Task to carry out:
Restate the listing word for word; omit the images.

Source data:
■ ■ ■
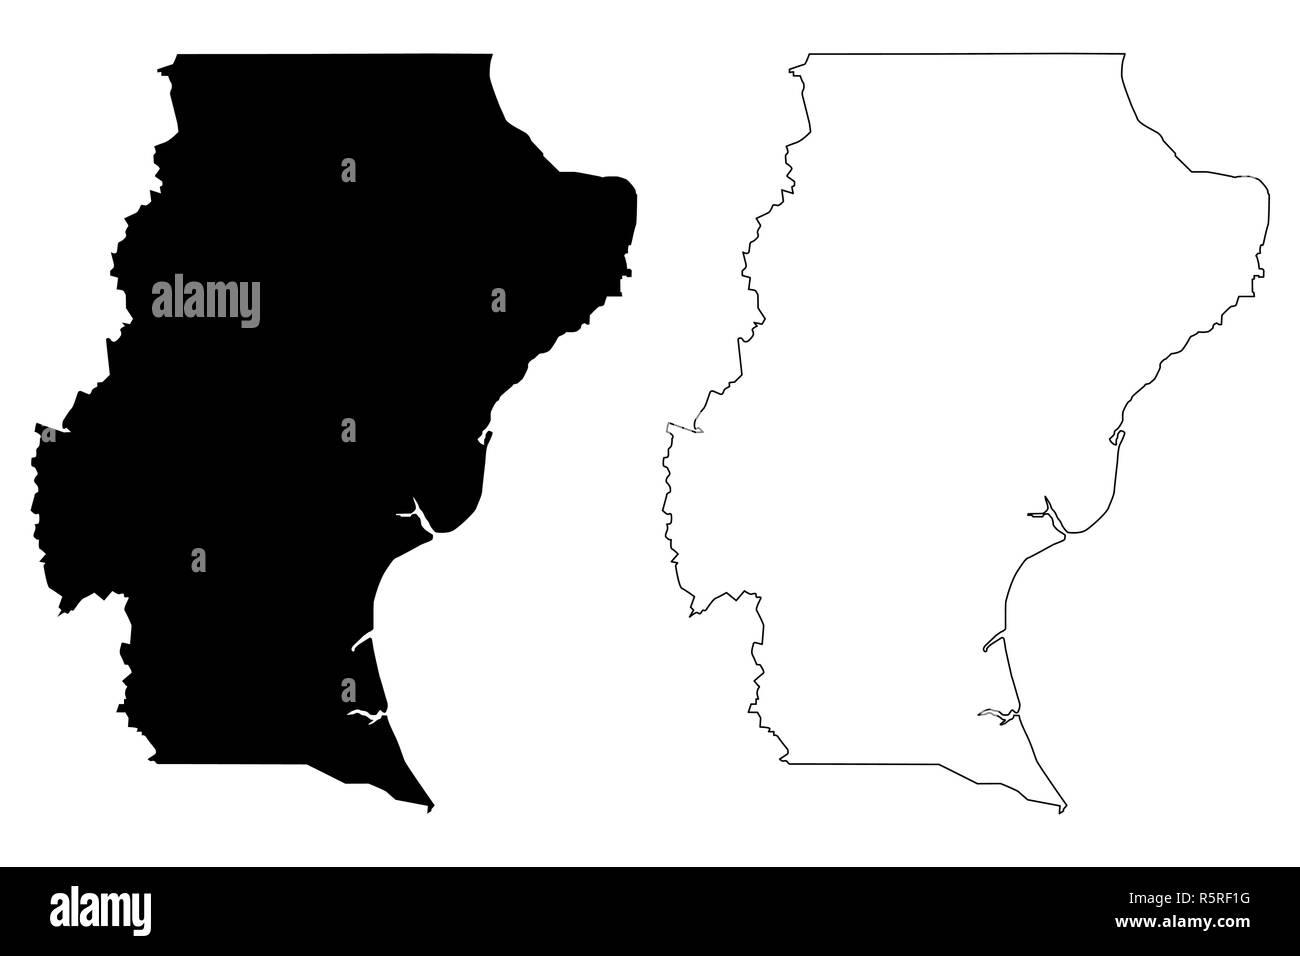 Santa Cruz Region De La Argentina La Republica Argentina En Las Provincias De Argentina Mapa Ilustracion Vectorial Dibujo A Mano Alzada De La Provincia De Santa Cruz Mapa Imagen Vector De Stock
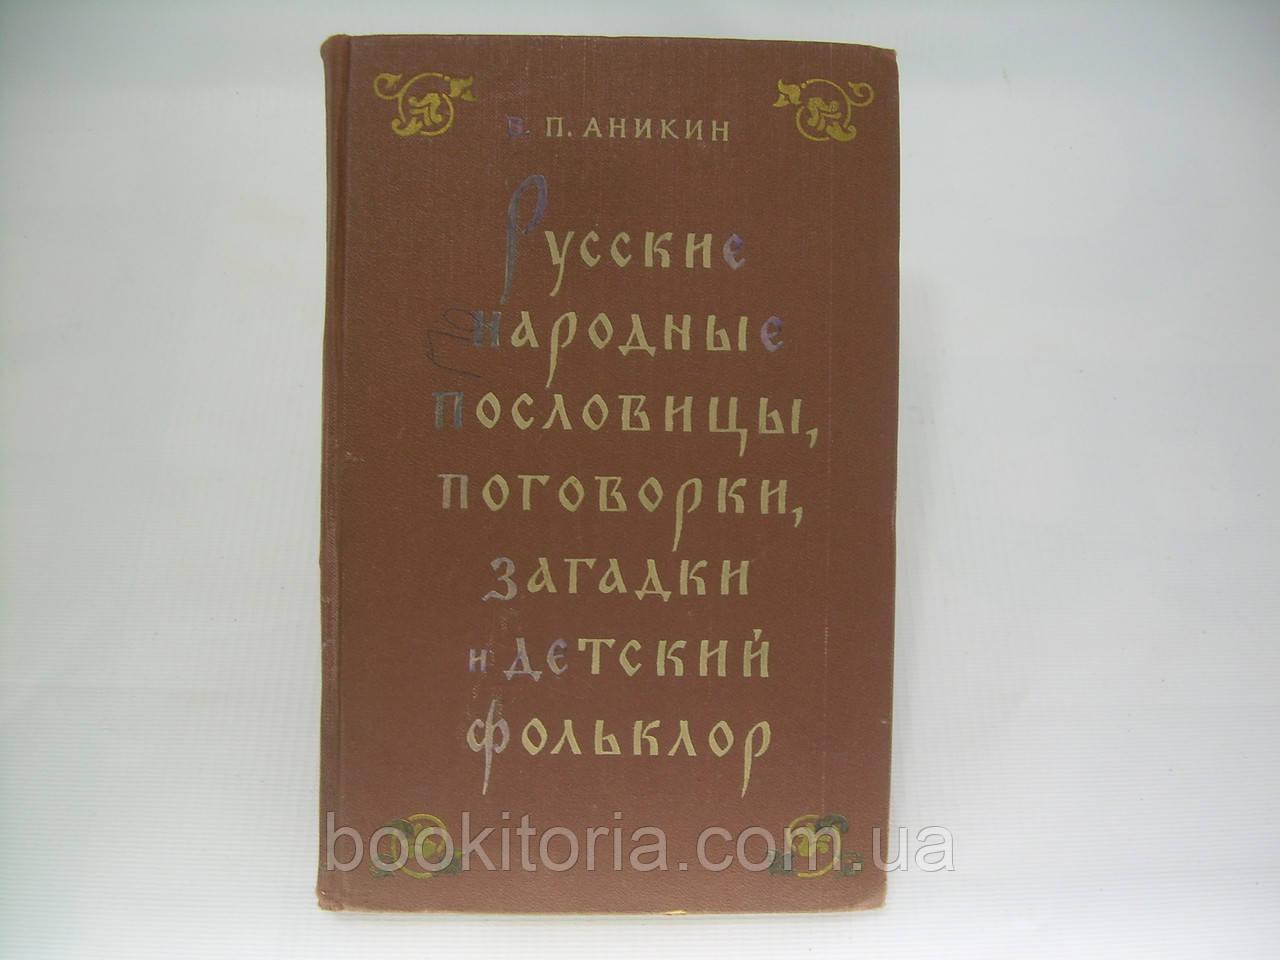 Аникин В.П. Русские народные пословицы, поговорки, загадки и детский фольклор (б/у).
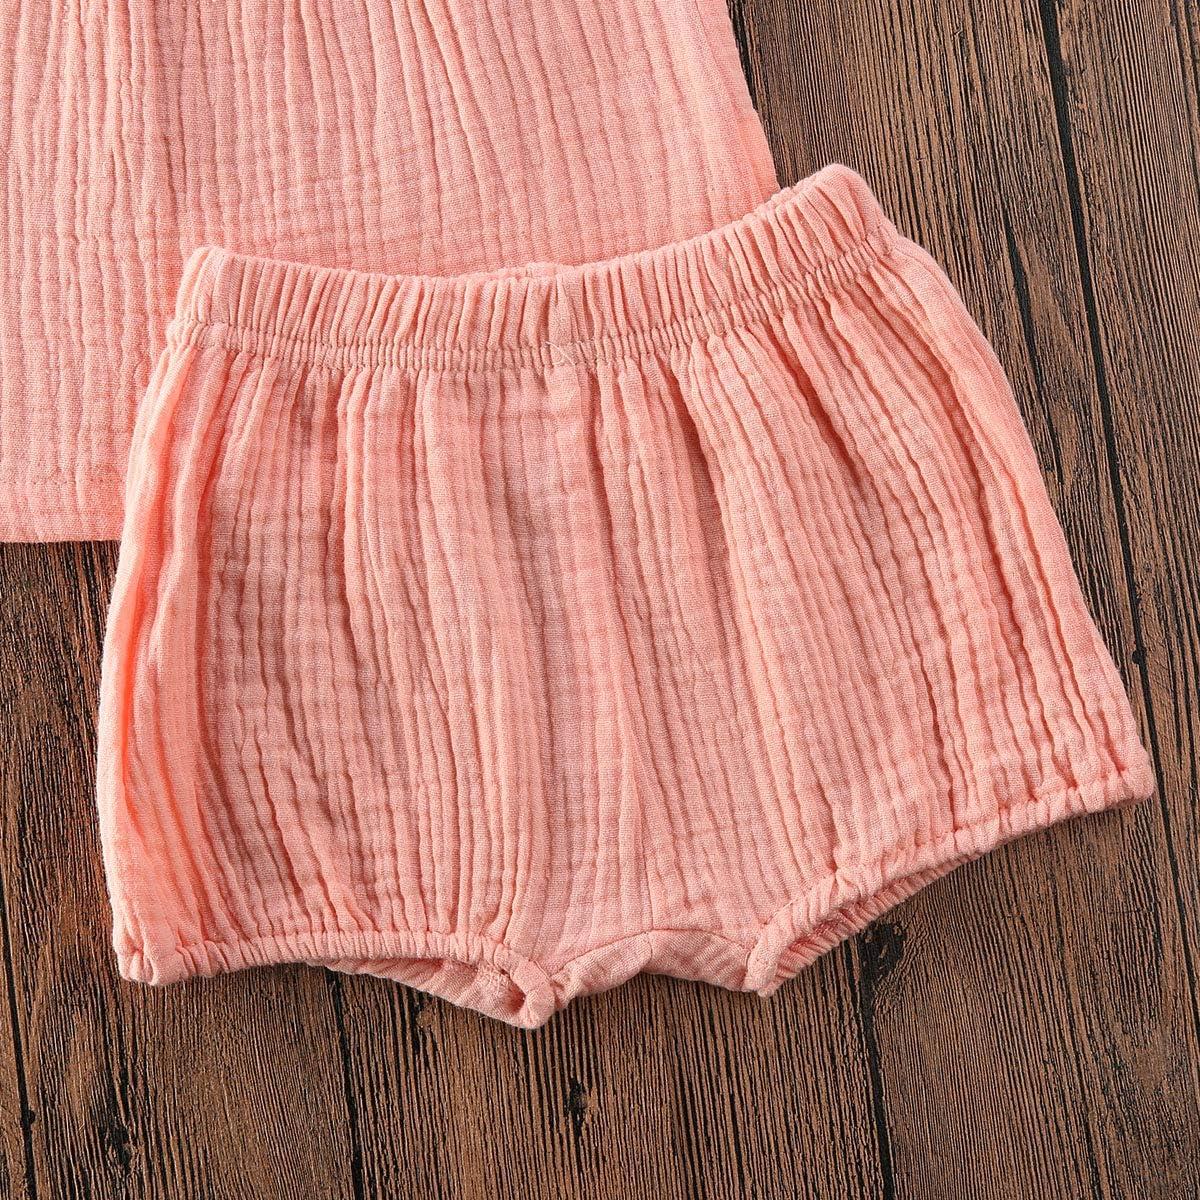 2 piezas Ropa para beb/é y ni/ña algod/ón y lino sin mangas pantalones cortos de verano Hnyenmcko
■ ■ ■
Output of the exercise:
 Santa Cruz Region De La Argentina La Republica Argentina En Las Provincias De Argentina Mapa Ilustracion Vectorial Dibujo A Mano Alzada De La Provincia De Santa Cruz Mapa Imagen Vector De Stock
 Аникин В.П. Русские народные пословицы, поговорки, загадки и детский фольклор (б/у).
 2 piezas Ropa para beb/é y ni/ña algod/ón y lino sin mangas pantalones cortos de verano Hnyenmcko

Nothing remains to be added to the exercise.